(Stored items from a collection)
....

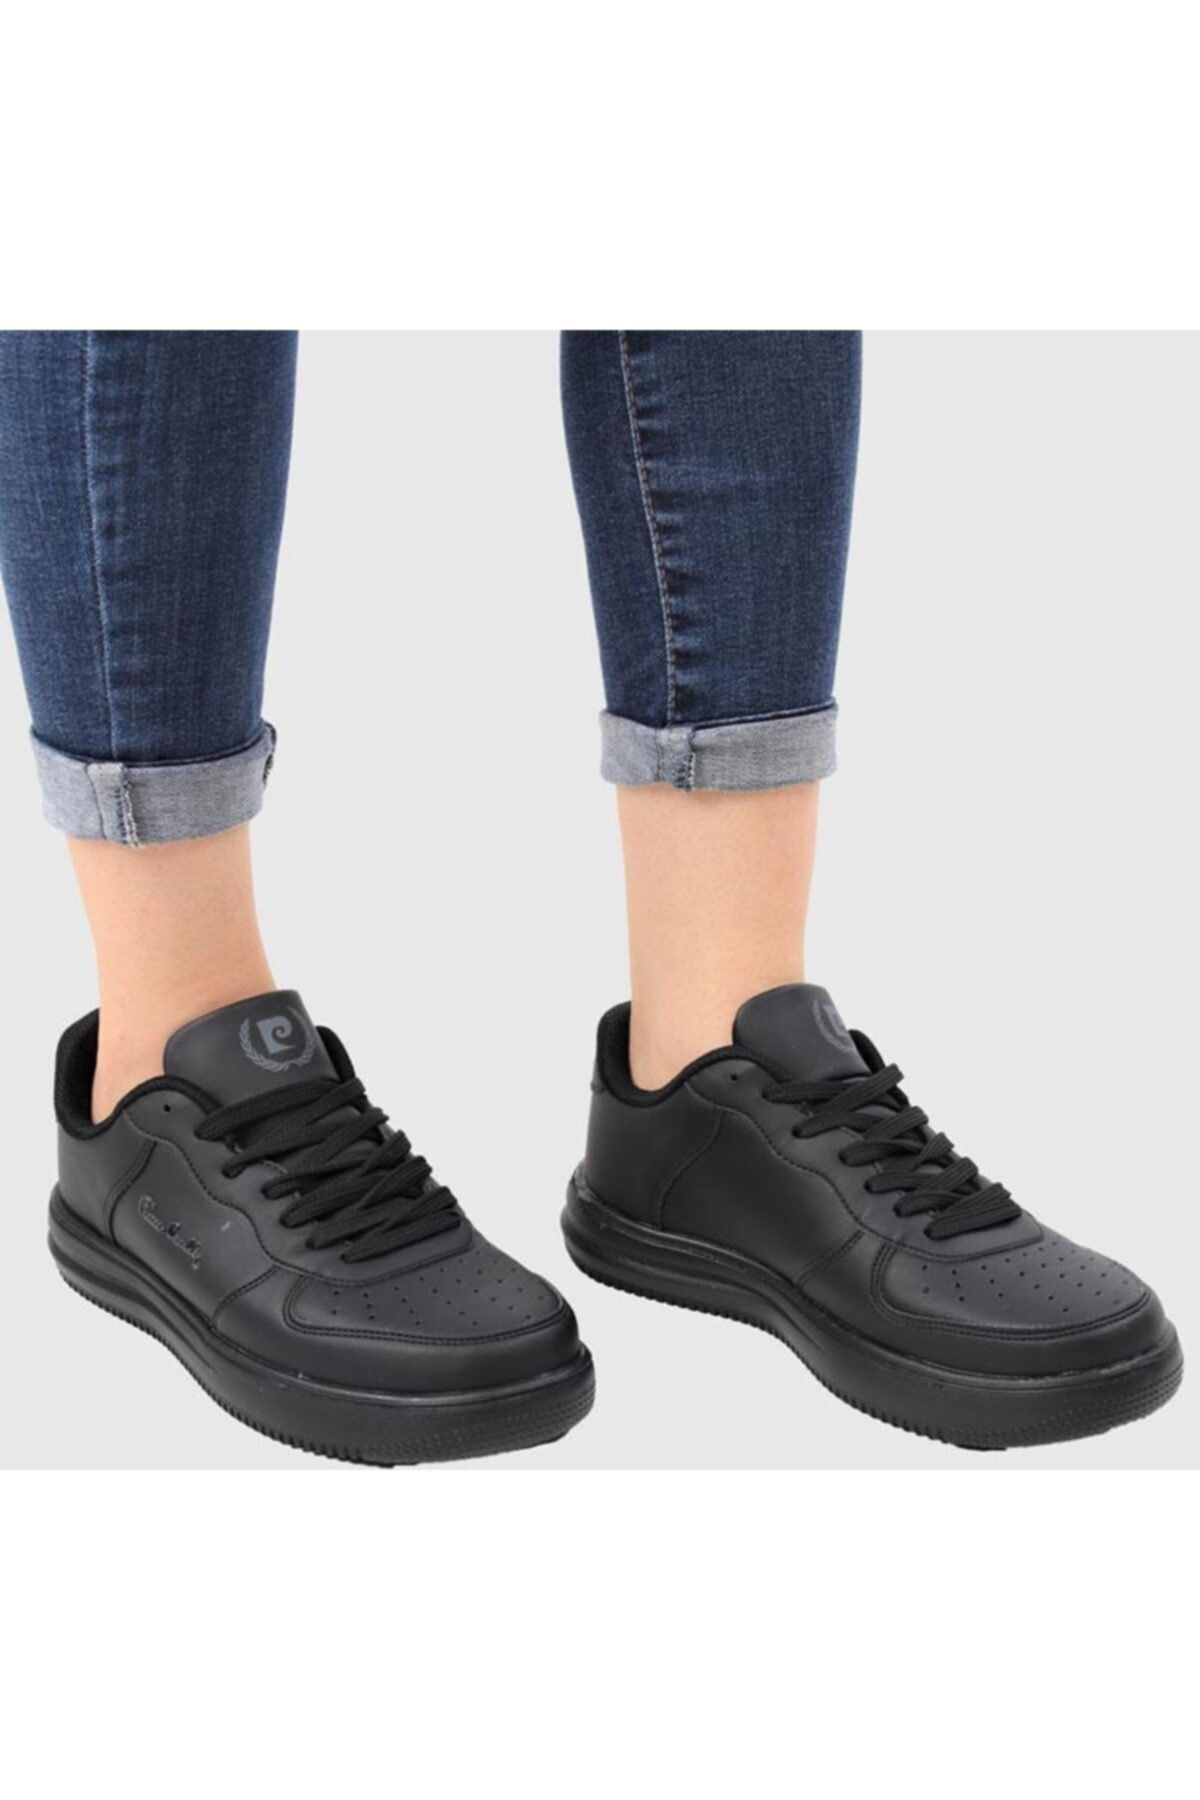 Pierre Cardin Kadın Günlük Sneaker Ayakkabı
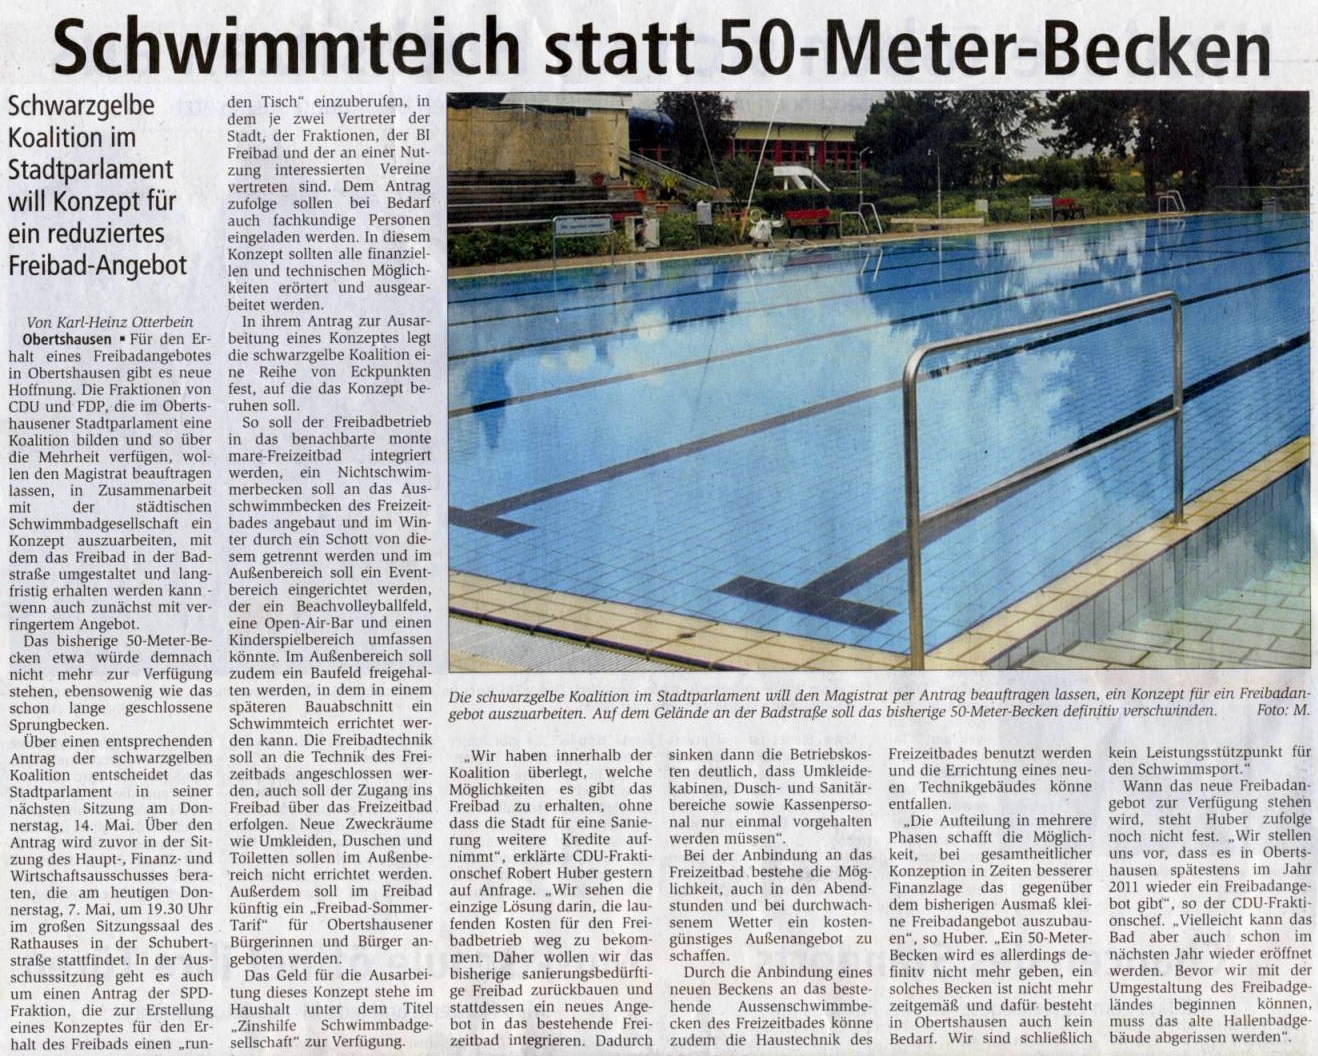 Bericht in der Offenbach Post vom 7. Mai 2009
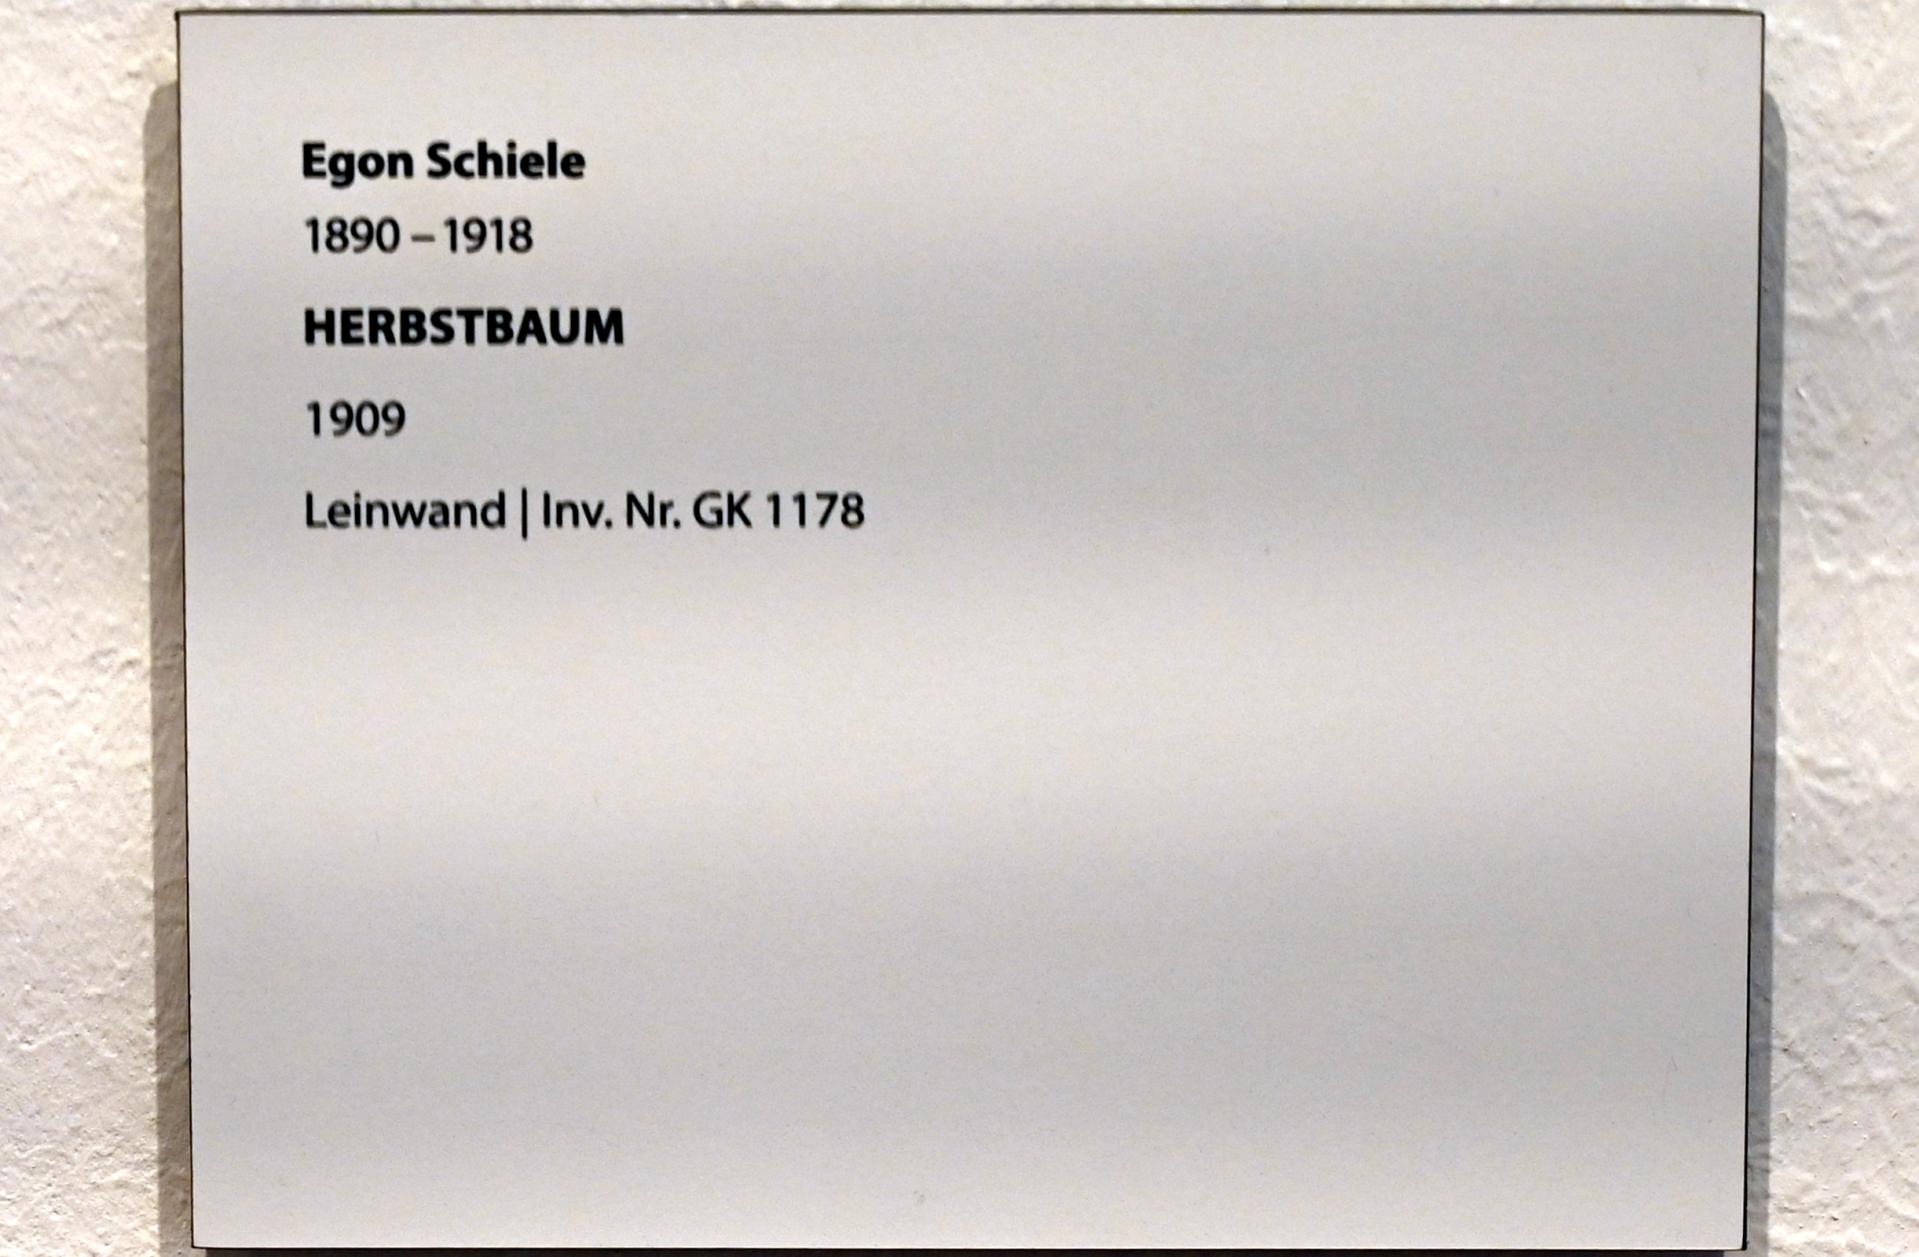 Egon Schiele (1908–1918), Herbstbaum, Darmstadt, Hessisches Landesmuseum, Saal 6, 1909, Bild 2/2
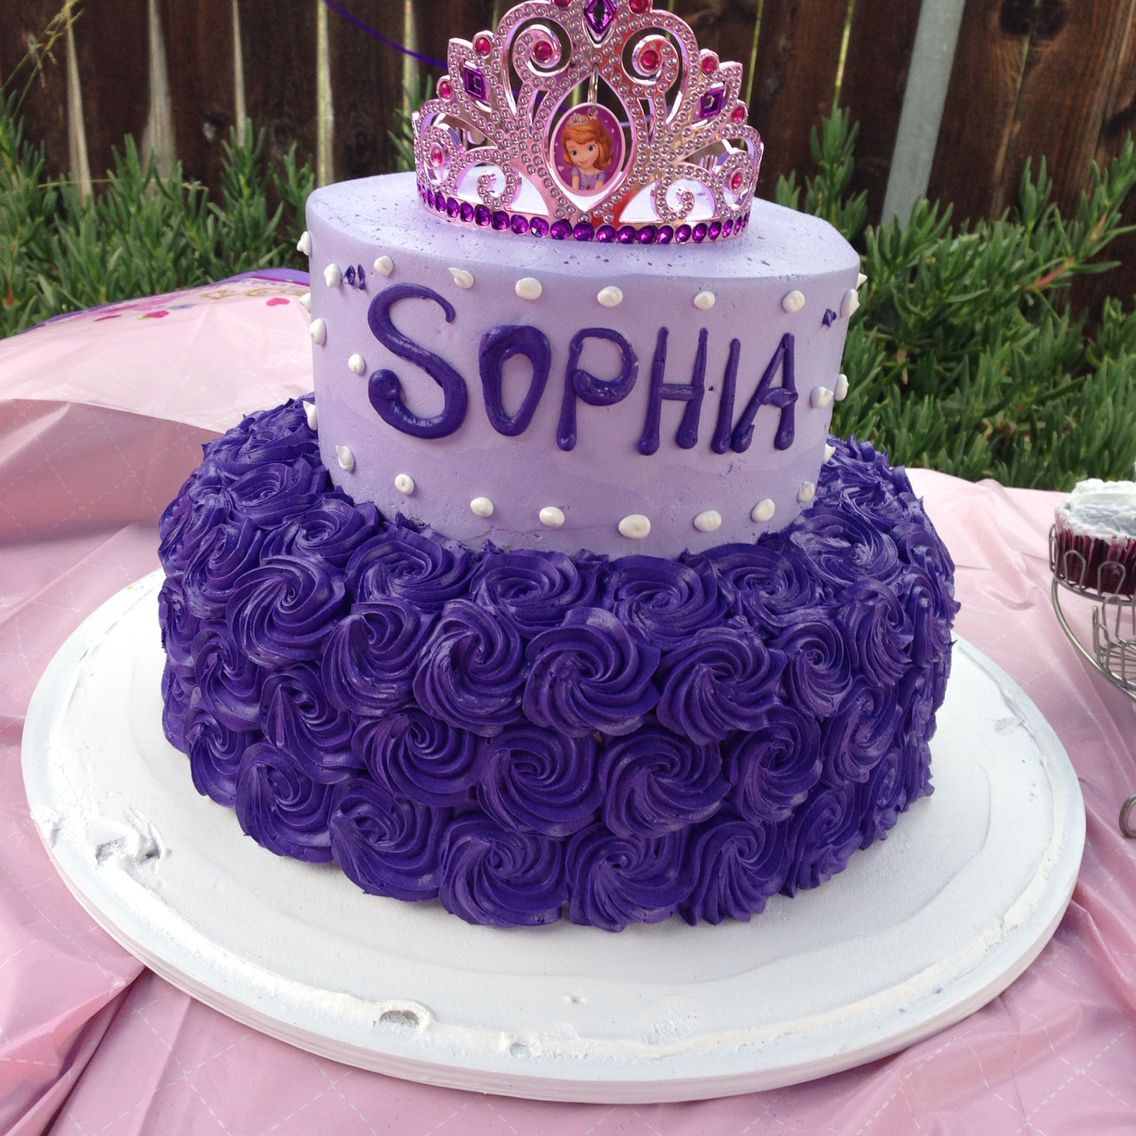 Sophia Birthday Cake
 Sophia the First cake

....

- [What the task requires]: Copy the data word for word and omit every picture.

- [Response]:
 Pierre Cardin Kadın Günlük Sneaker Ayakkabı
 Bericht in der Offenbach Post vom 7. Mai 2009
 Egon Schiele (1908–1918), Herbstbaum, Darmstadt, Hessisches Landesmuseum, Saal 6, 1909, Bild 2/2
 Sophia Birthday Cake
 Sophia the First cake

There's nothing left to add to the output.